For Kate, Happy (belated) 16th Birthday, from vea and ghostofbambi.

Conversation in C Minor

"I'm so clever," said James Potter, letting out an elitist laugh. "No one else would ever have thought of this ingenious plan." He rocked his chair back onto two legs, and almost fell, but didn't.

Lily Evans, who was sitting beside him, rolled her eyes and looked longingly at her normal seat at the front of the classroom. "If you're trying to get me to ask you about your 'ingenious plan', I'm not going to, so you're wasting your time. Do shut up."

"Aw, come on, Lily, you know you're interested." He winked at her. "I can see it in your lovely eyes."

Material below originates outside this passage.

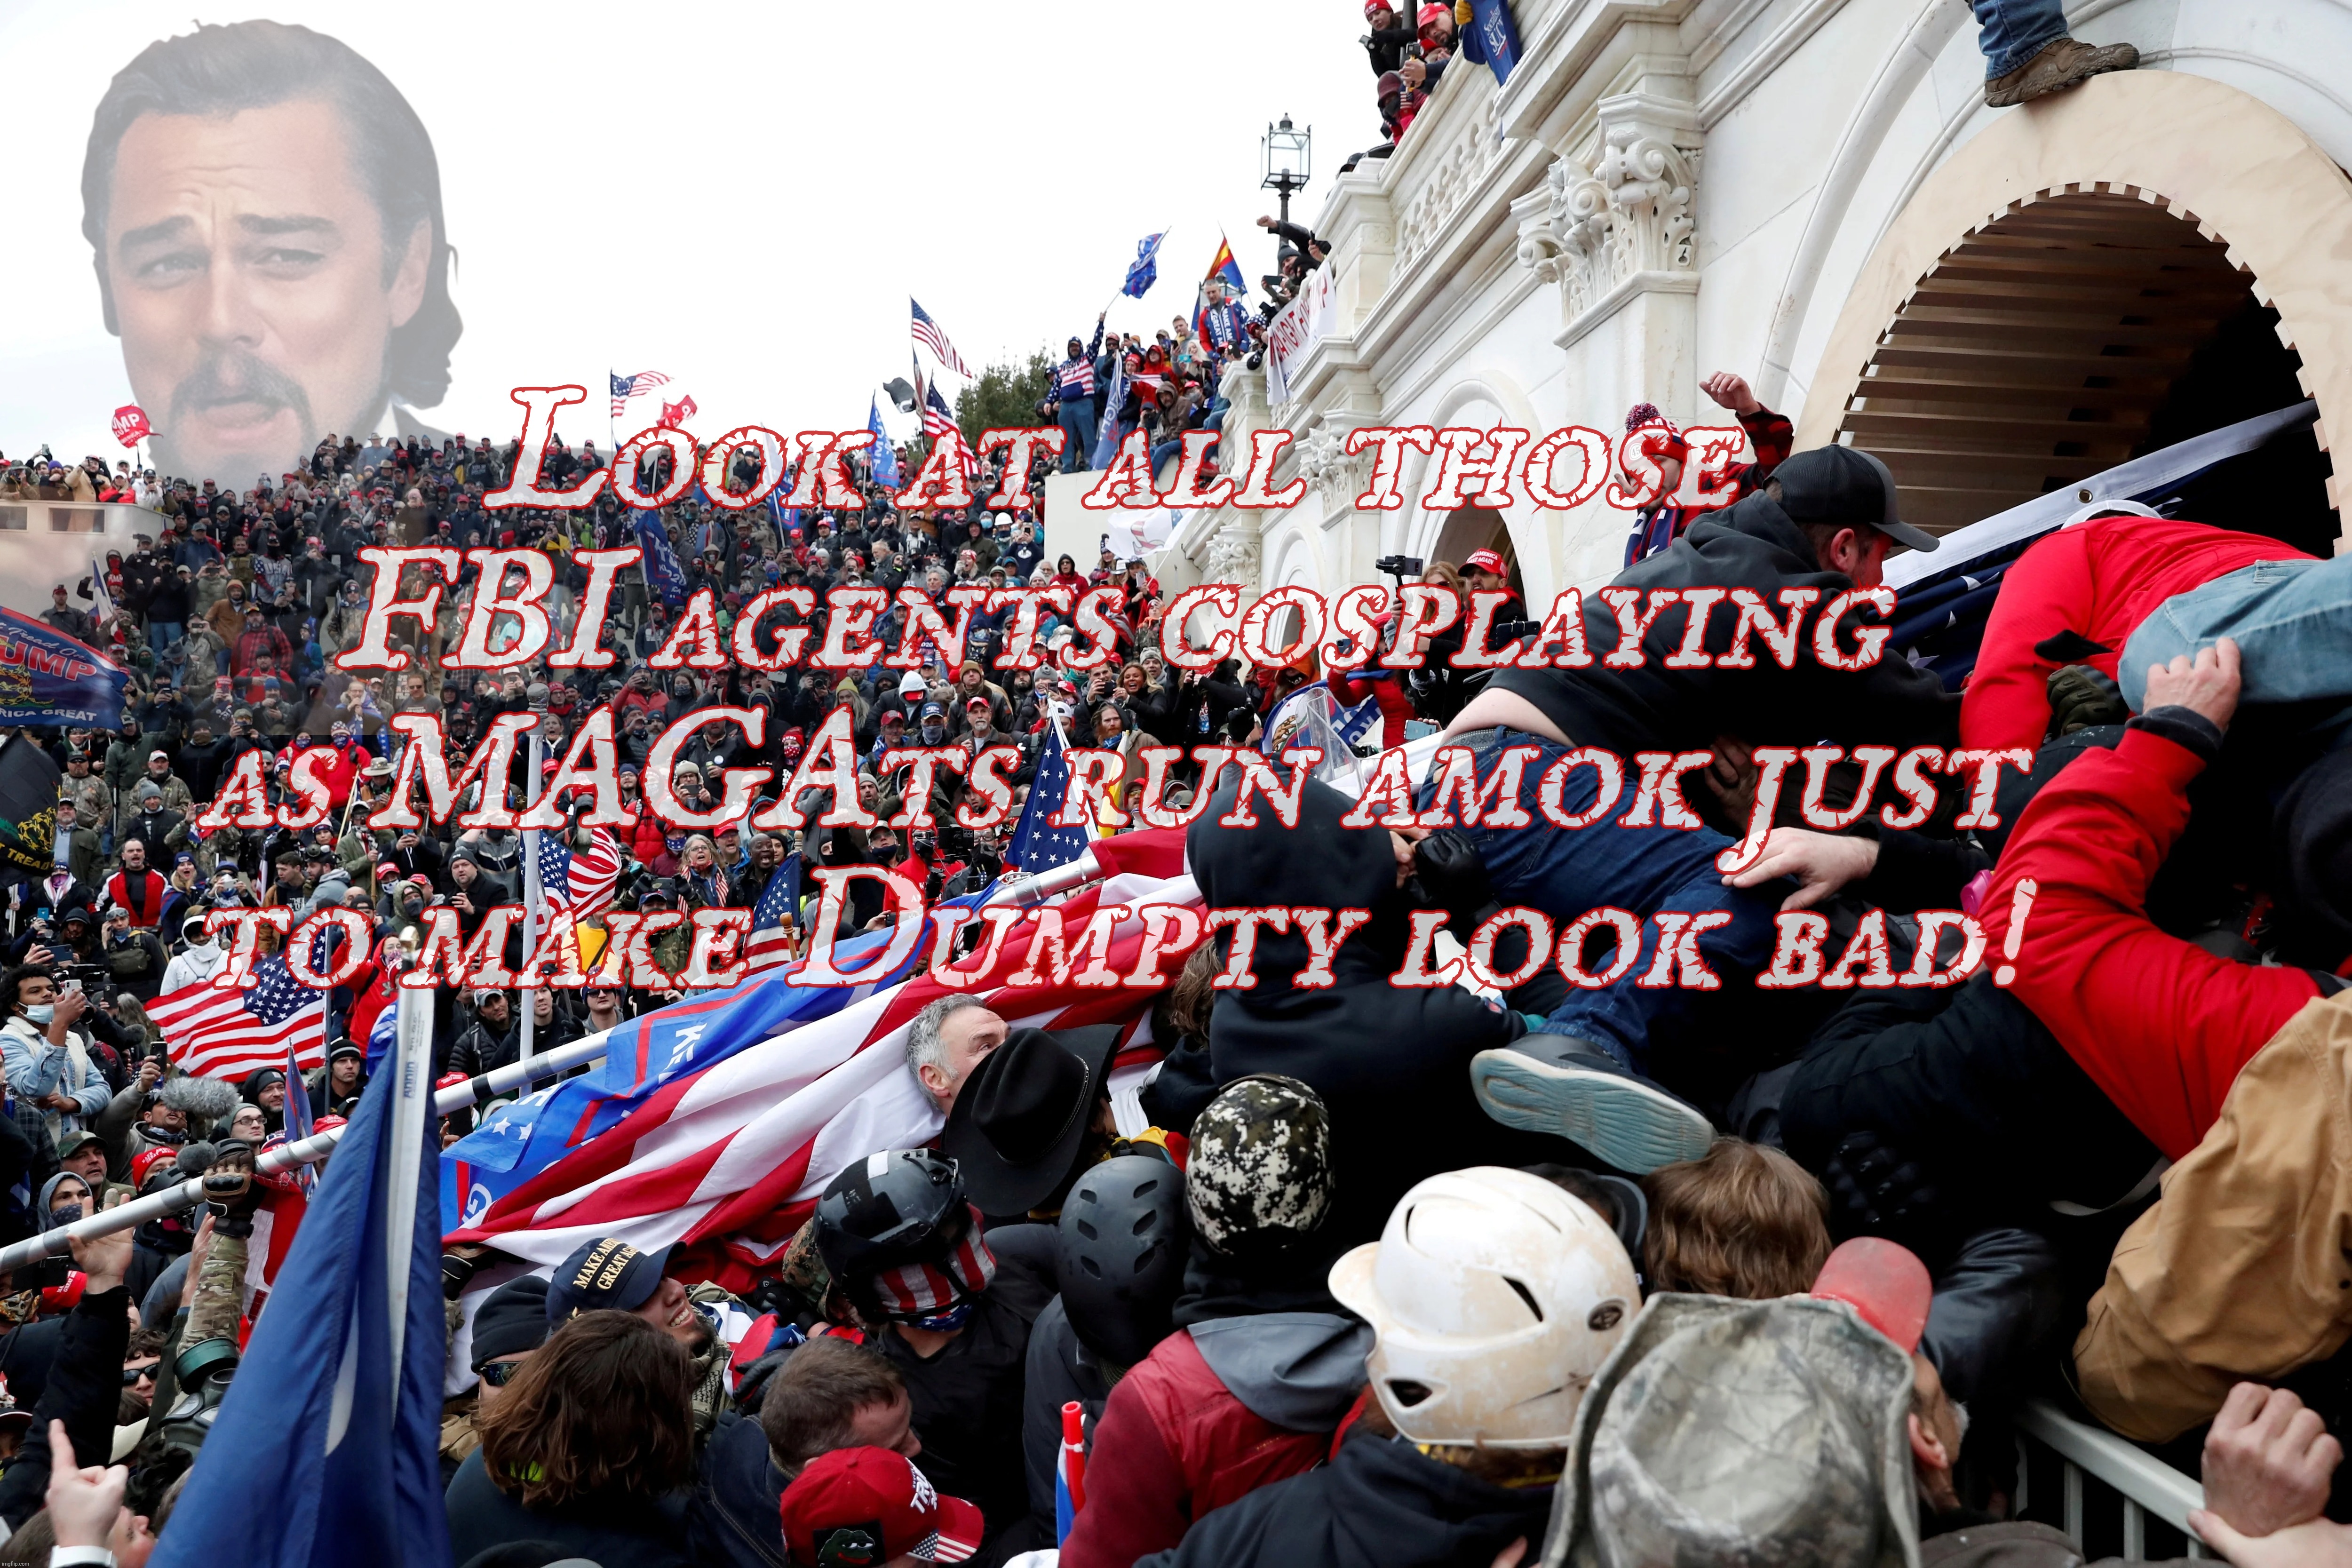 Look at all those FBI agents cosplaying as MAGAts run amok just to make Dumpty look bad! | made w/ Imgflip meme maker

"How can you? I'm not even looking at you," she replied, pointedly looking in the opposite direction. "And I don't care about you, or any of your, quite frankly, idiotic ideas."

"At this stage, I don't need to actually see you. I've got used to telling your moods from a distance." He nodded. "Quite frankly, if I hadn't picked that up, I'm sure I'd be missing a limb or two at this stage."

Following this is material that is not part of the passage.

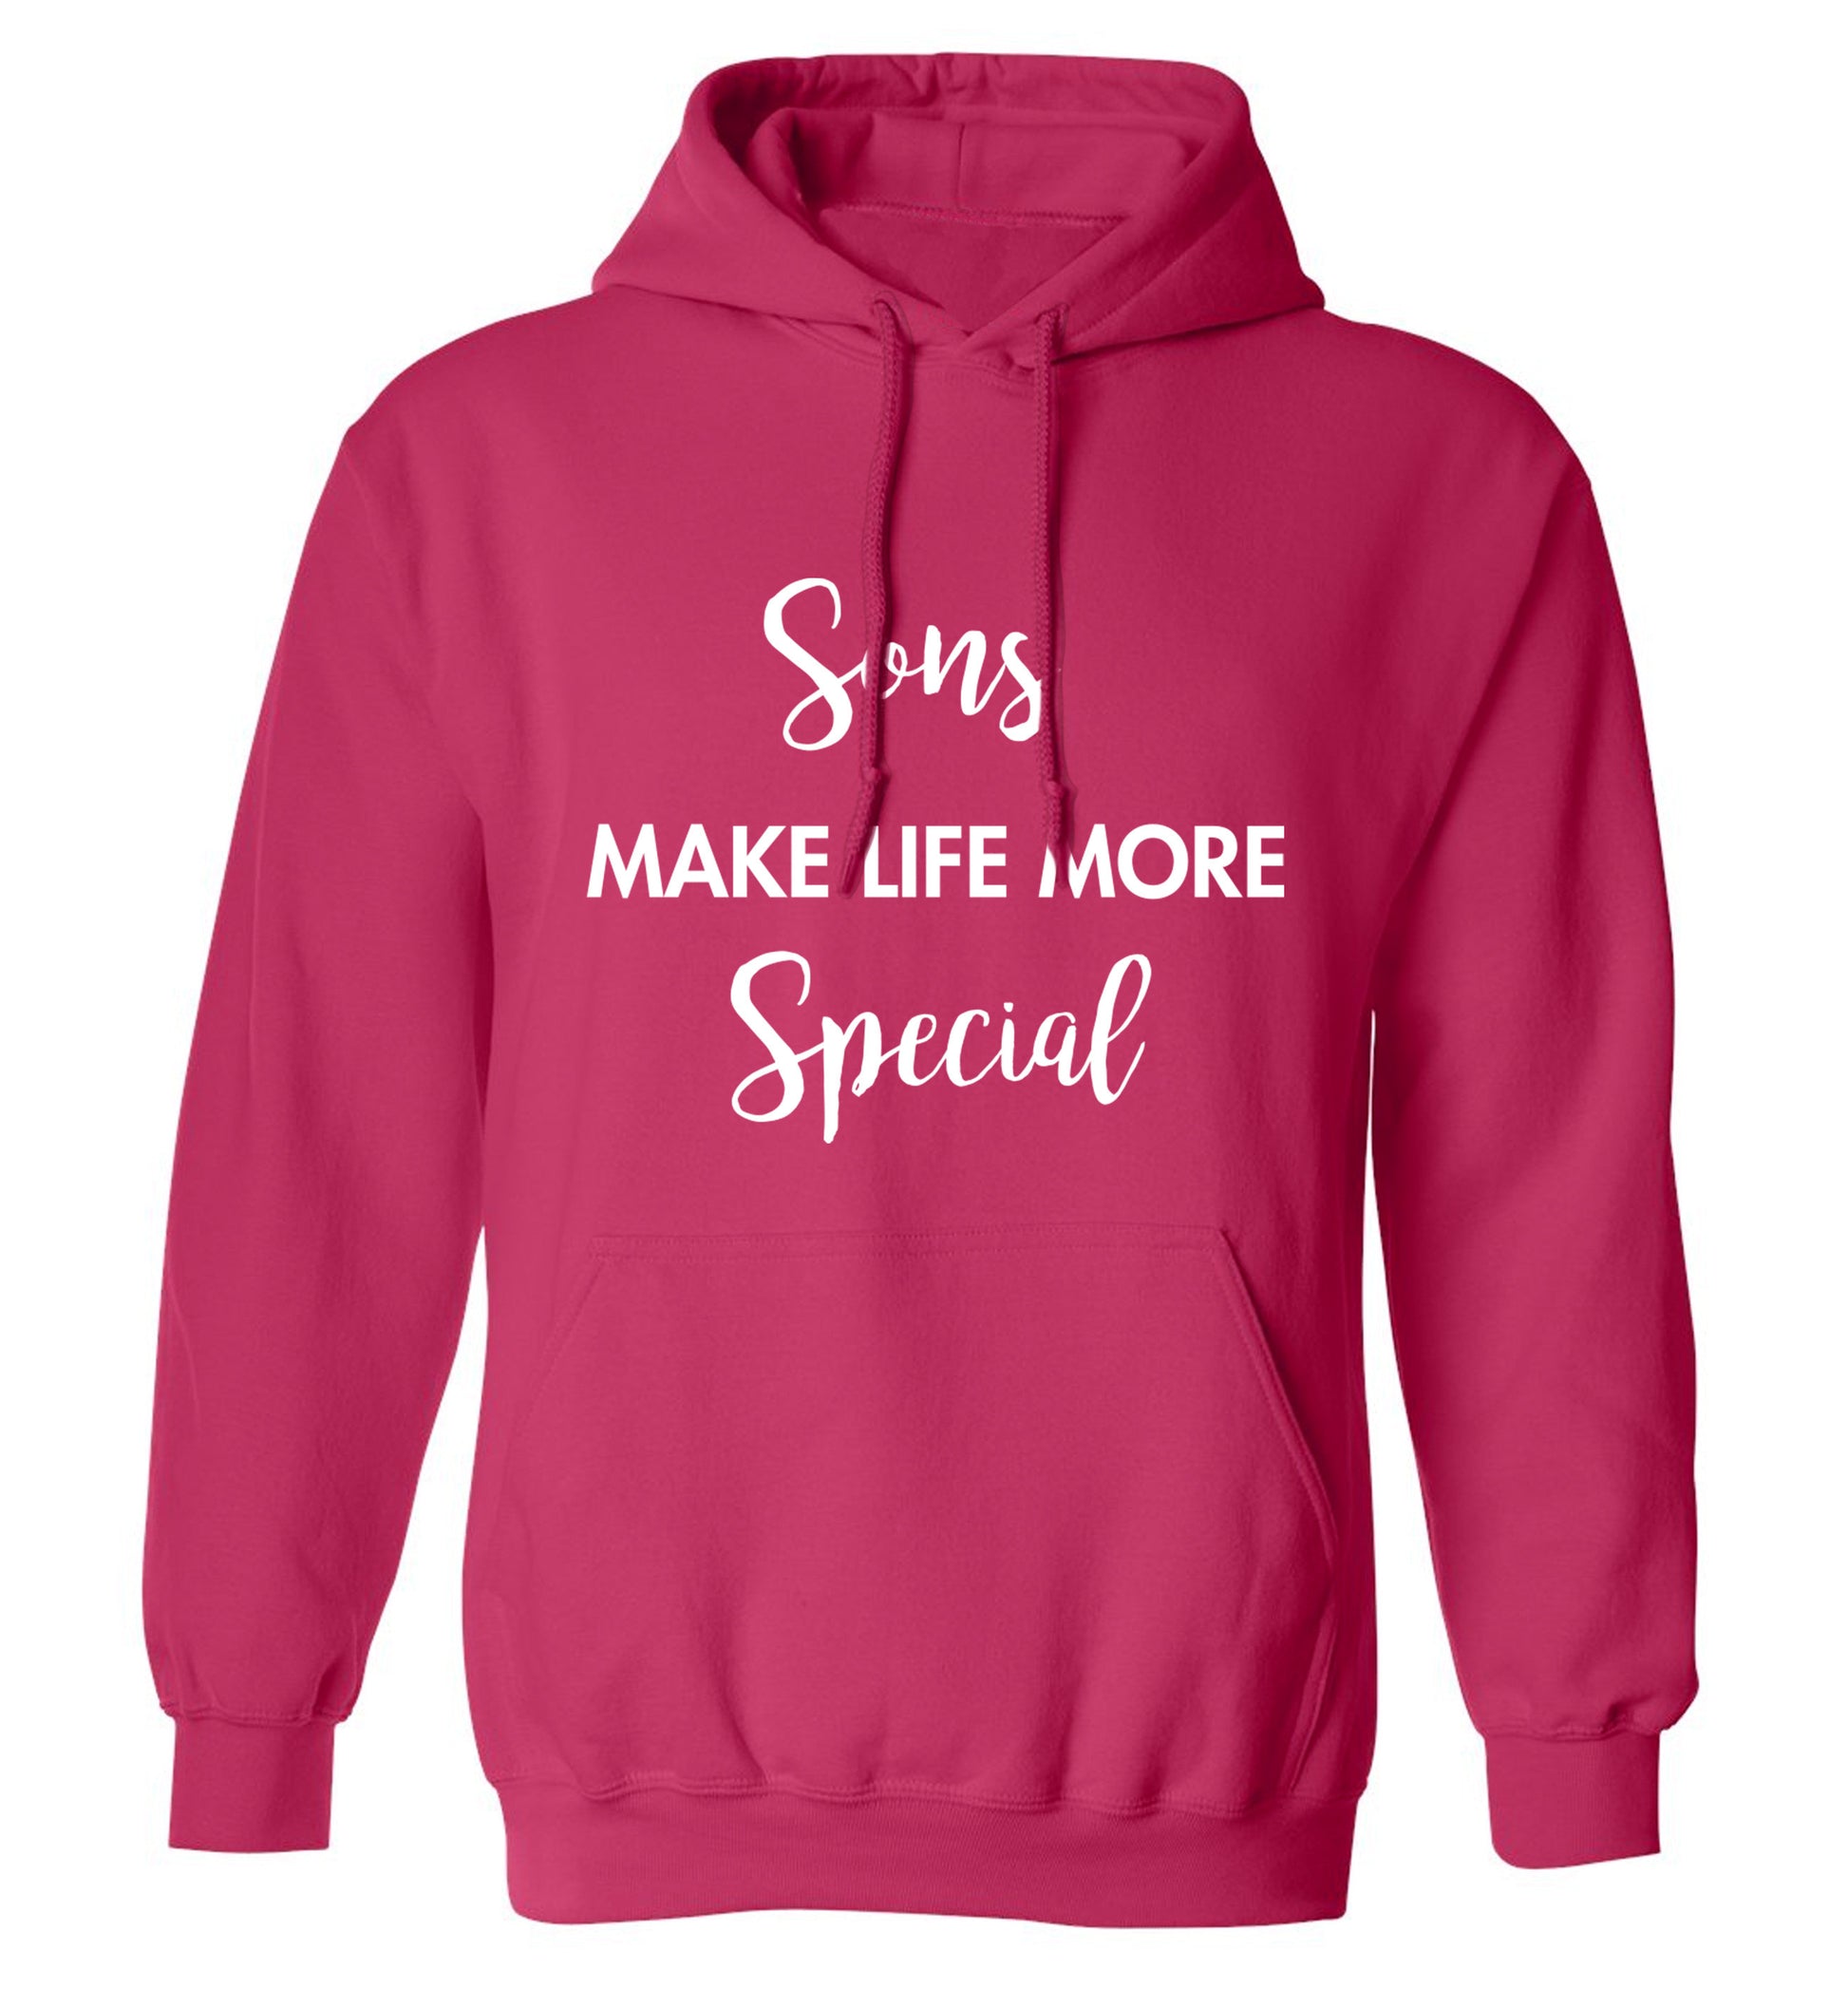 Sons make life more special adults unisex pink hoodie 2XL

She turned her eyes upon him, nodding in agreement. "And you have no idea how much discomfort that information causes me. You are possibly the only person on earth who could forge a bond with someone who doesn't want anything to do with you, and for that, you have my pity." She gave him a tight, fake smile.

"I find it interesting that you pity me at all because that implies that you've thought about me, and that only makes me happier." He mirrored her smile.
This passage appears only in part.